Даже тогда, когда, возбужденный ее голым покорным телом, уже робко просящим ласки, Мижуев целовал и мял ее со звериной жестокостью, он уже не чувствовал былой радости, а испытывал только плоское жестокое удовольствие, придумывая неестественные положения, делая больно и унизительно.
Казалось, что он мстил ей за что-то, и видно было, что сам страдал какой-то невысказываемой мукой.
И Мария Сергеевна понимала, отчего это, и потому у нее стали печальны и робки глаза, как будто не смевшие молить о пощаде.
-- Пойдем, -- коротко сказал Мижуев, поймав остро любопытные взгляды в их сторону, и встал.
Она тотчас же торопливо поднялась и пошла с ним рядом, по всегдашней своей милой неловкости, которая когда-то до слез умиляла Мижуева, путаясь в кружевах юбки, теряя то платок, то сумочку и забавно пугаясь этого.
Они вышли на берег, где властвовали темное море да светлая луна, и на самом конце мостков сели на скамью.
Впереди и с боков, со всех сторон было море, и блестящая вода бурно крутила лунный столб.
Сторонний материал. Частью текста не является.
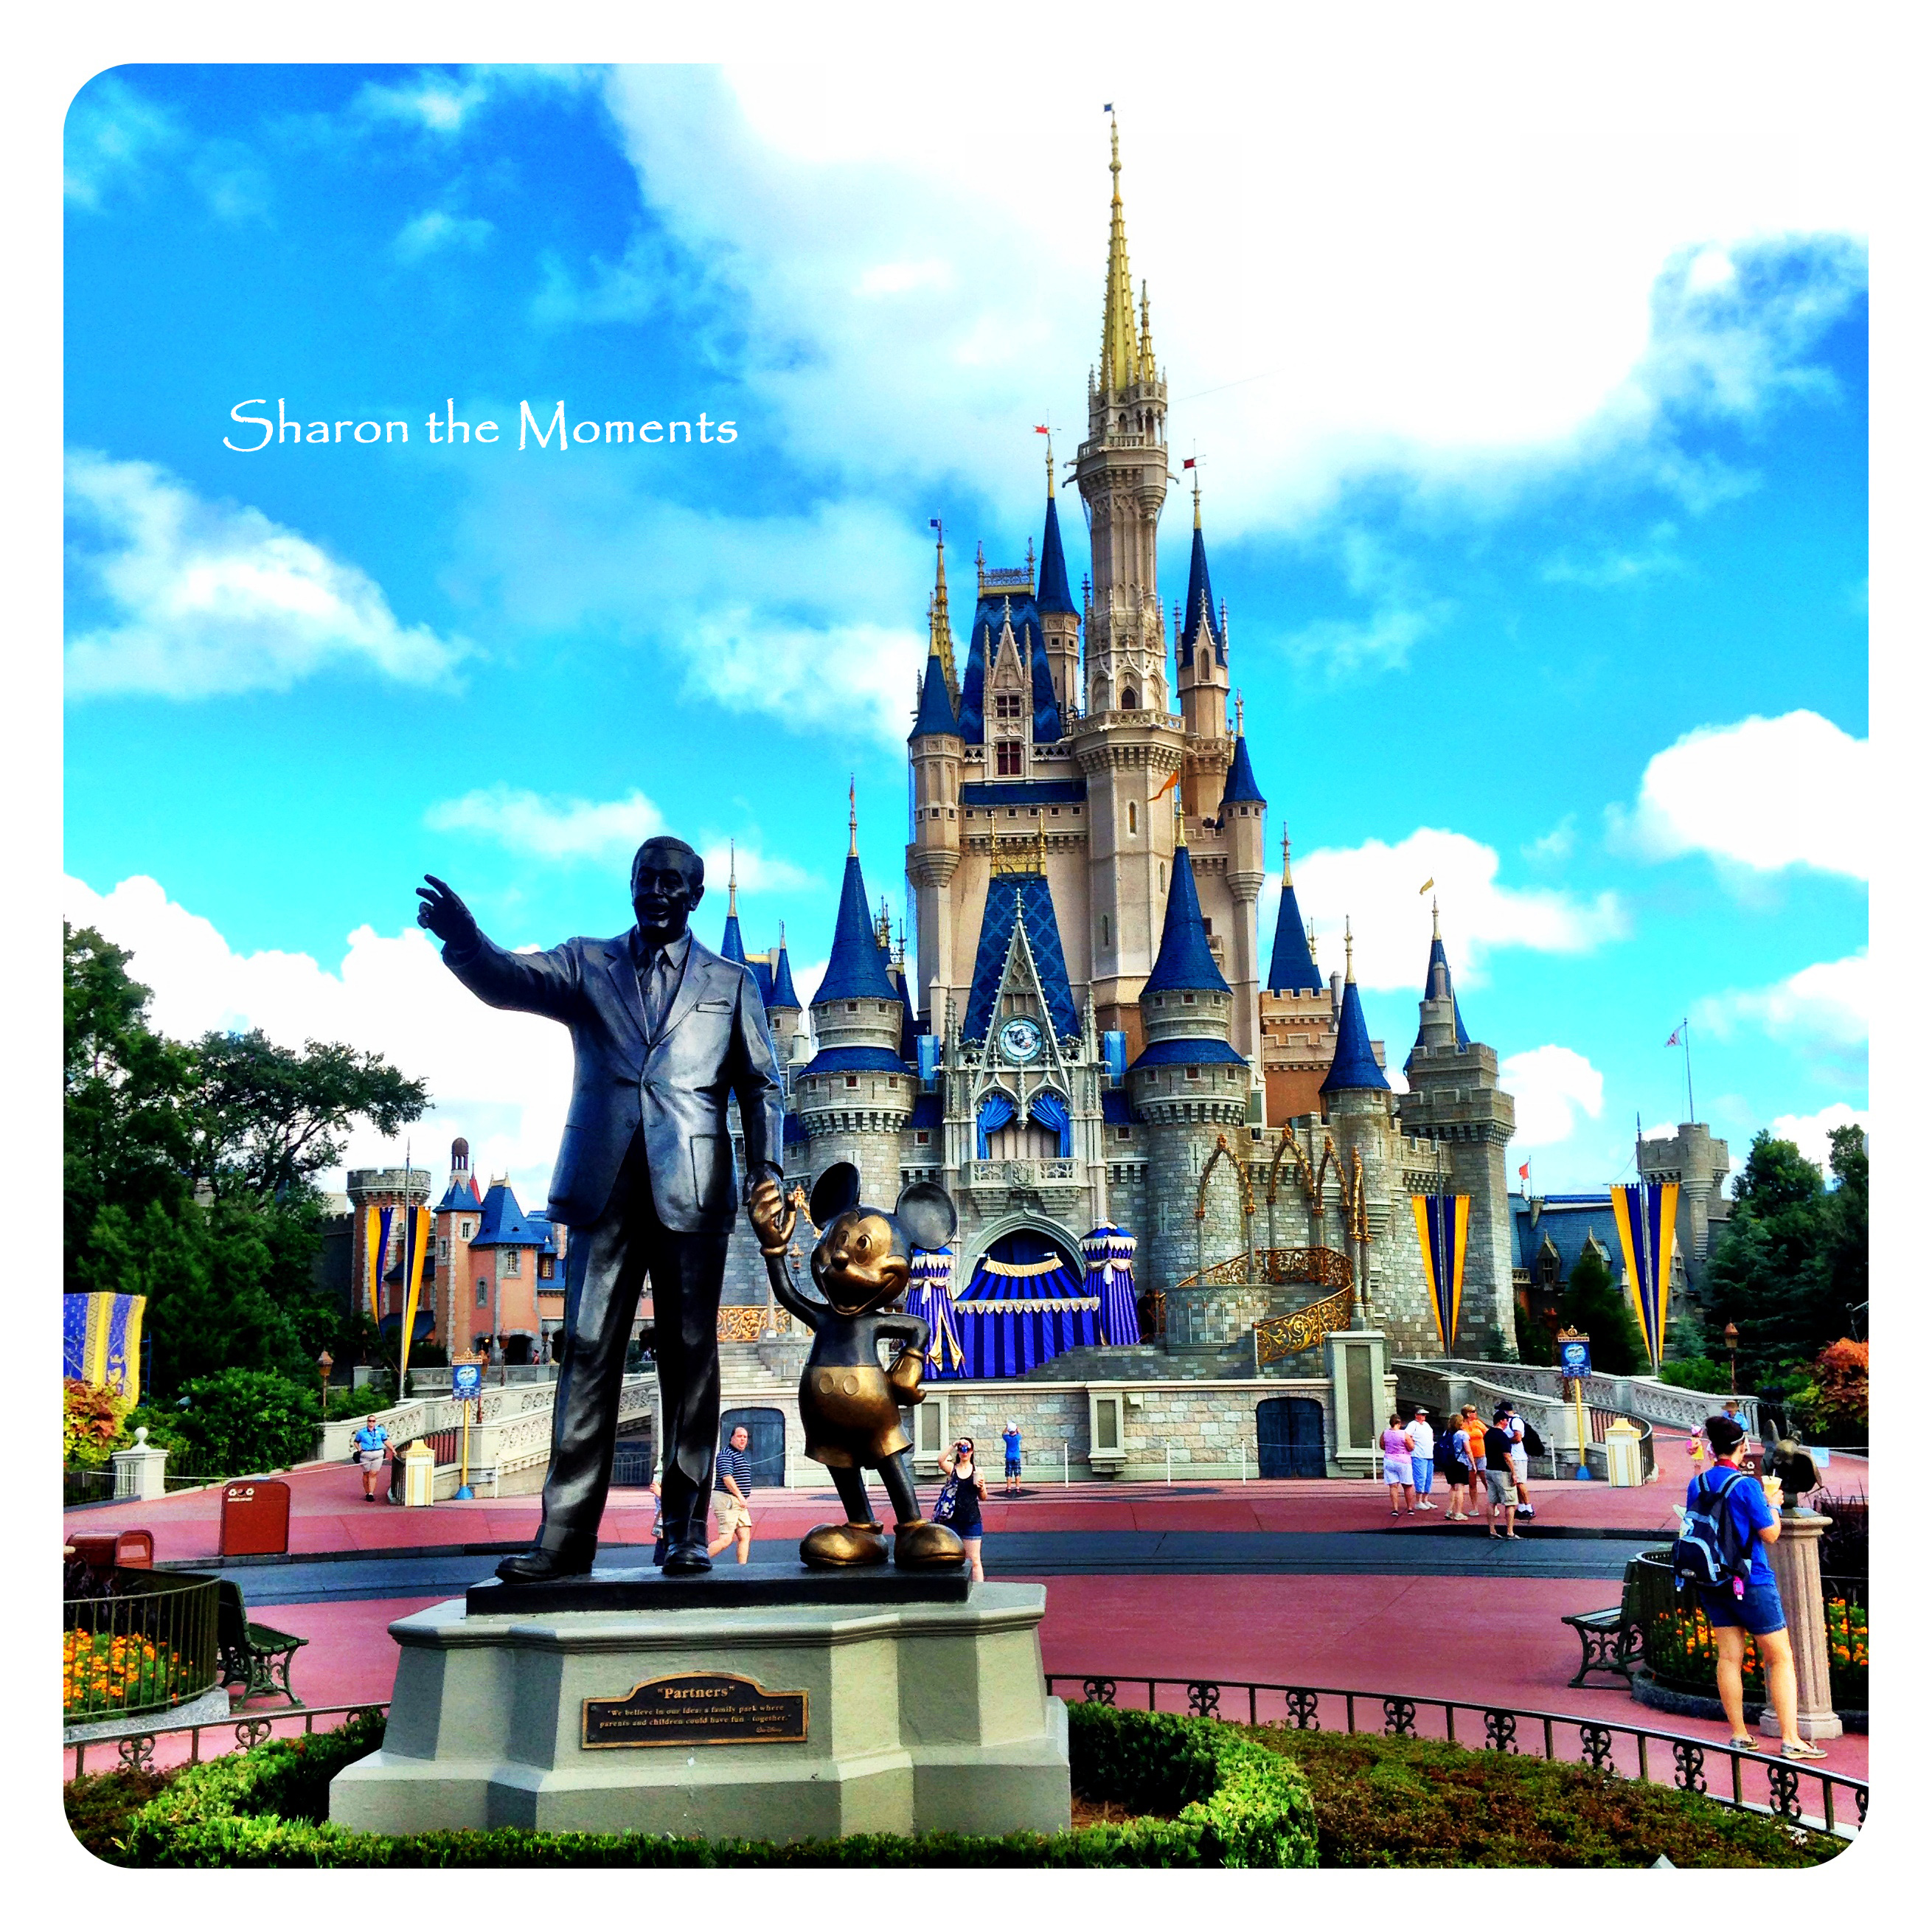 Walt Disney World Magic Kingdom|Sharon the Moments Blog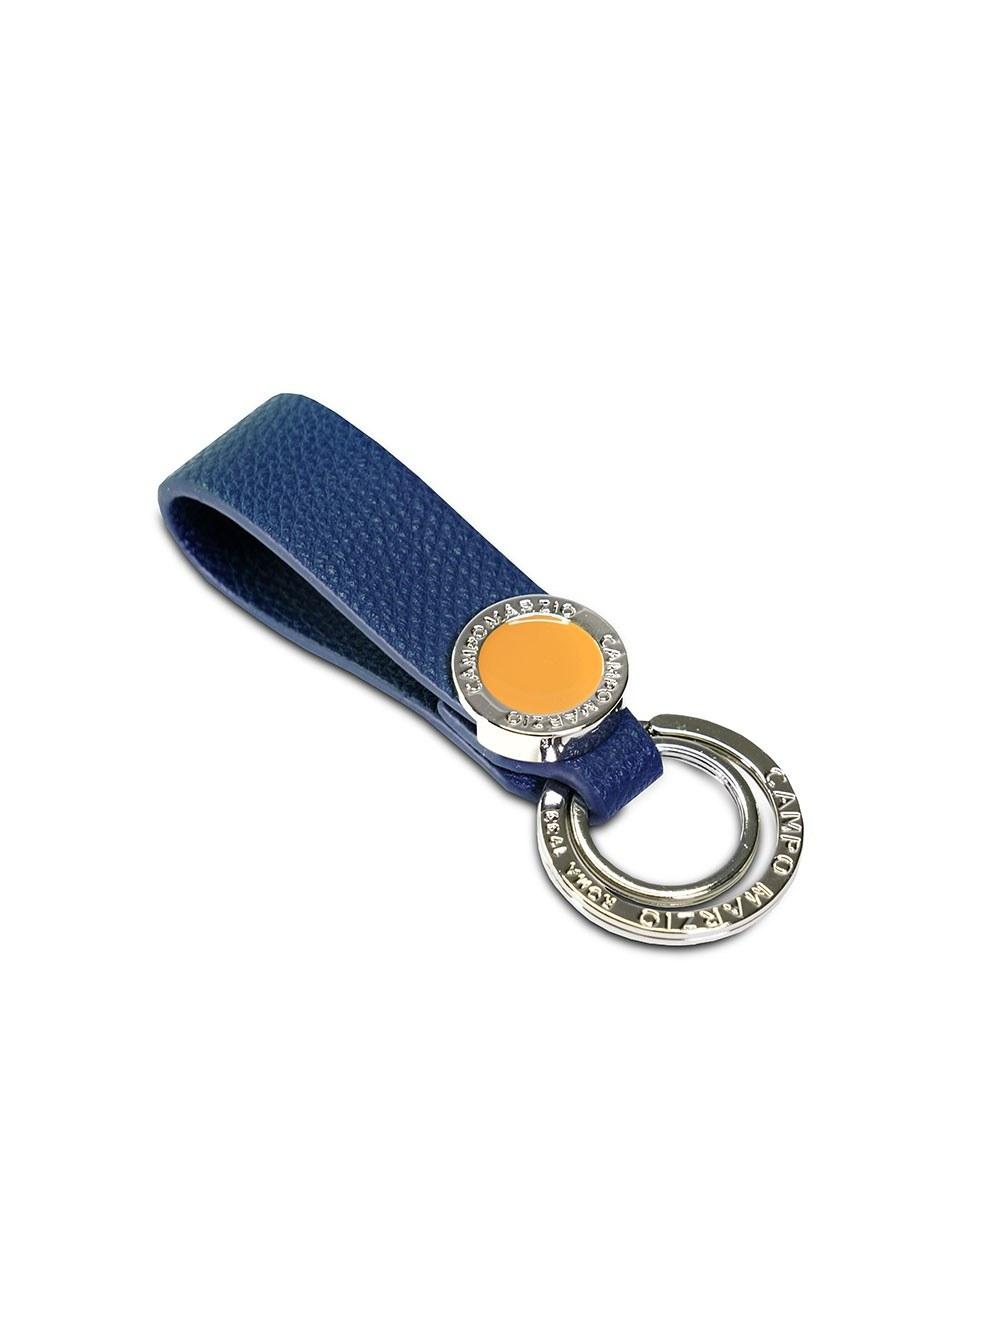 New Double Key Holder - Petrol Blue

Какая-то бесконечная мелодия-шум, плеск и глухие удары о мол, -- среди которой все время что-то звенело тоненьким хрустальным и слышным, и как будто неслышным голоском, непрестанно тянулась над безбрежным движущимся простором и трогала таинственные грустные струны, будя воспоминания и безотчетное отчаяние в самой глубине души. Порой налетал упругий ветер, и тогда невидимые брызги, заставляя вздрагивать, покрывали лицо и руки мелкой холодной пылью.
Мижуев смотрел на лунный столб, крутящийся в металлически темной воде, и молчал. Как всегда, когда он ночью смотрел в глубину, какое-то тоскливое чувство чуть-чуть шевелилось в нем. Было оно еле заметно и трудно уловимо, но за ним вдруг забывалось все, что окружало его. И становилось пусто и темно.
-- Я хотела поговорить с тобою, Теодор, -- заговорила Мария Сергеевна, и с первого слова было слышно, что она боится, как бы он не рассердился, даже не выслушав ее.
Мижуев молчал, и казалось, что он не слыхал ее слабого голоса за шумом и плеском прокатившейся под мостками волны. Далеко, пока видно было при луне, легла вдоль берега белая полоса пены и растаяла, как снег, а за ней уже надвигалась, бурля и вырастая, новая волна.
Мария Сергеевна полными никому не видных слез глазами посмотрела на Мижуева и, судорожно рванув платок, встала.
-- Это невыносимо! -- сдавленным слабым голосом сказала она, чувствуя, что вся дрожит и от унижения, и от холодного ветра. -- За что ты меня мучаешь?
Мижуев упорно, не глядя на нее, пожал широкими плечами...
Мария Сергеевна замолчала, продолжая рвать свой платок и дрожа всем телом, казавшимся удивительно слабым и изящным на фоне огромного волнующегося простора.
-- Я не могу больше... -- заговорила она быстро, все возвышая голос. -- Ты не имеешь права презирать меня!.. Не имеешь права мучить и унижать!.. Если я и не устояла перед твоими миллионами, как ты говоришь...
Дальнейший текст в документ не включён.